# here's my 60



## rbcxpeter (Feb 19, 2006)

I tried getting the whole tank with two shots but it didn't work out that well. Well, in this tank I have four bala sharks, two red-tail tinfoil barbs, one golden red-tail tinfoil barb, two types of silver dollars, four clown loaches, three giant danios, one iridescent shark, and one plecostomus. This tank is very active and they play all day. As they grow I intend to trade them in for smaller ones so it never gets too crowded. In the near future, I intend to get some more clown loaches. Anyone have any recommendations as to what other type of fish I could get? Any suggestions would be appreciated.

:grin:


----------



## Georgia Peach (Sep 23, 2005)

nice tank!


----------



## flamingo (Nov 5, 2005)

Nice! Love the driftwood.

Have any up closers of your balas?

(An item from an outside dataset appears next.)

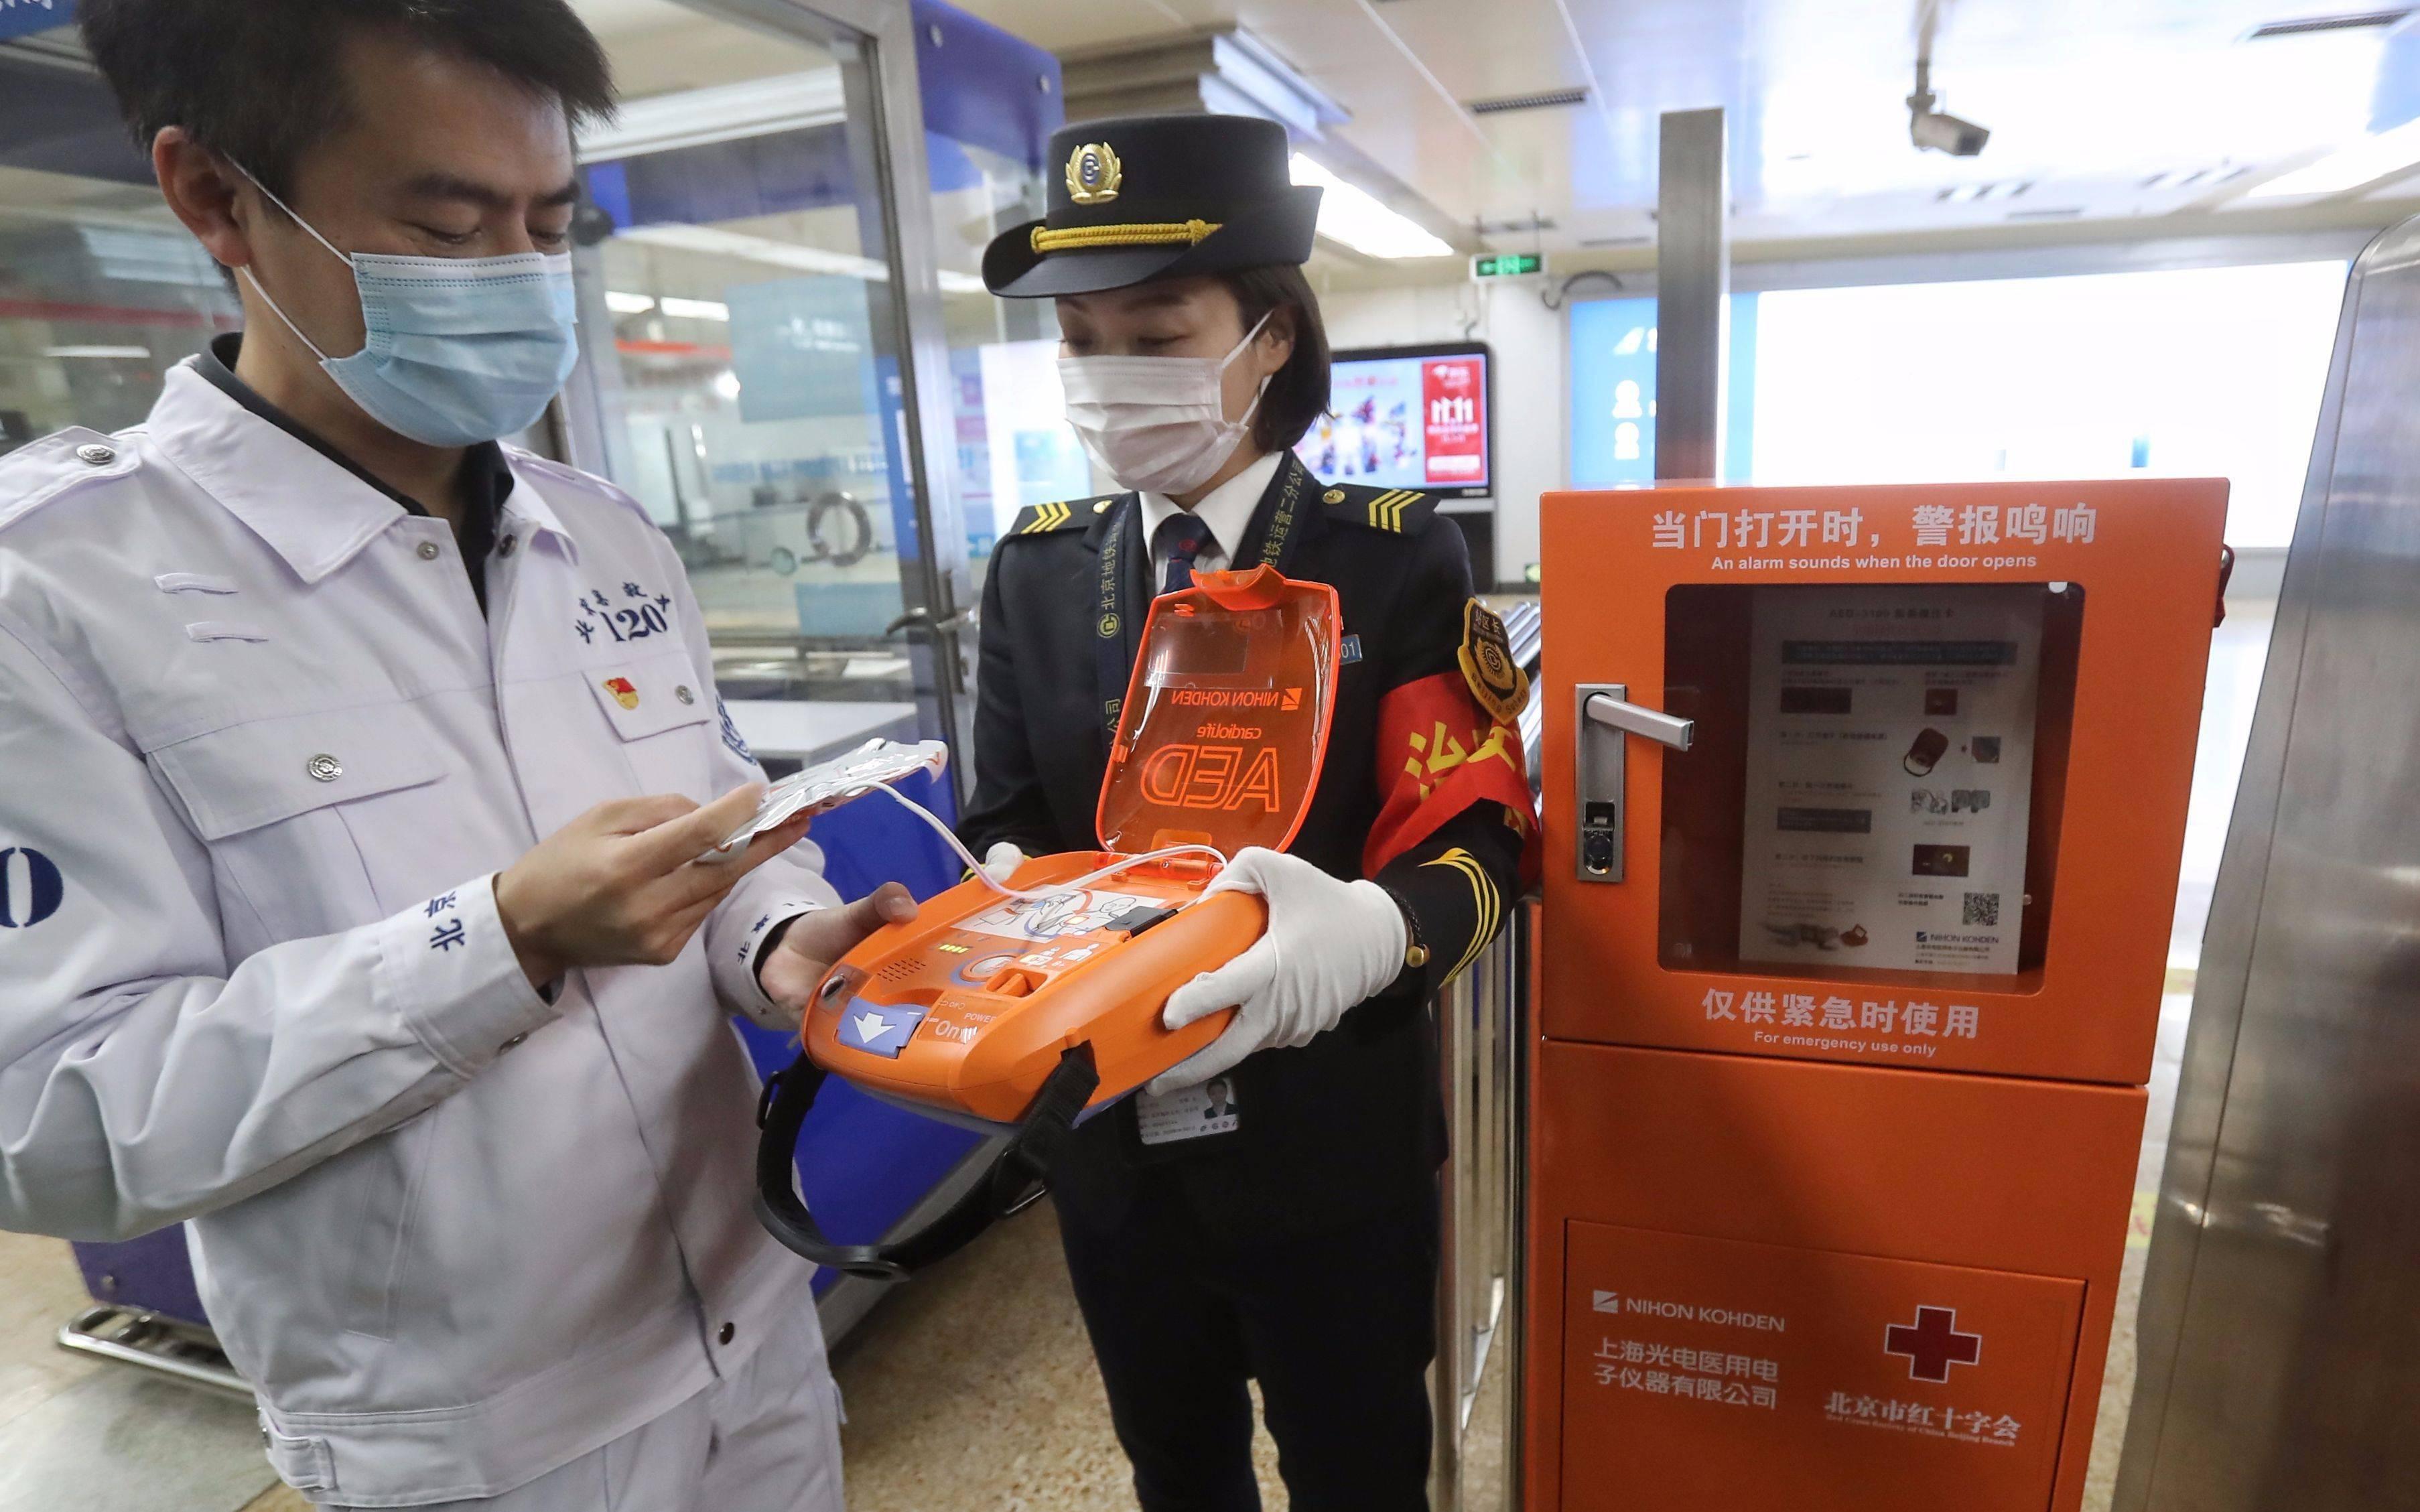 恒达注册AED设备进入北京地铁 救人你敢用吗?(图2)

I love bala's but when I finally got one it just all of a sudden died when i was gone for 2 days lol.


----------



## fish_humper (Mar 1, 2006)

Nice tank man


----------



## dwool36 (Jan 31, 2006)

Nice tank...but I'm really diggin' the wallpaper.


----------



## rbcxpeter (Feb 19, 2006)

thanks people~! I just added another zebra danio today.

haha my parents bought the house and the wallpaper came like that. funny how you noticed it.


----------



## fishfreaks (Jan 19, 2005)

Nice setup! :razz:


----------



## xlabidokidx (Mar 2, 2006)

nice tank, but a little empty, and by empty i mean it needs some more plants, rocks, wood or something to fill up the empty space.. just my opinion


----------



## manda (Feb 9, 2006)

yes i agree with ^^^
but thats just me. there is something i like about a heavily decorated tank.


----------



## rbcxpeter (Feb 19, 2006)

yeah i agree but with the amount of fish in there, I get dizzy sometimes watching them...especially when I feed them. I get the feel that the tank is crowded sometimes. The pictures didn't catch any fish though. The tinfoils and giant danios are speedy. The top section is very empty though because it's only the danios up there. So...what I did was rearrange the driftwood to stand vertically. It almost acts like a wall dividing the tank in half. It looks a lot better now. I'll try and get some pics up of my "remodeled" tank. And I also got a new backdrop. =)


----------



## Cichlid Man (Jan 19, 2005)

A very......................???...................... let's say unique tank.lol


rbcxpeter said:


> I get the feel that the tank is crowded sometimes.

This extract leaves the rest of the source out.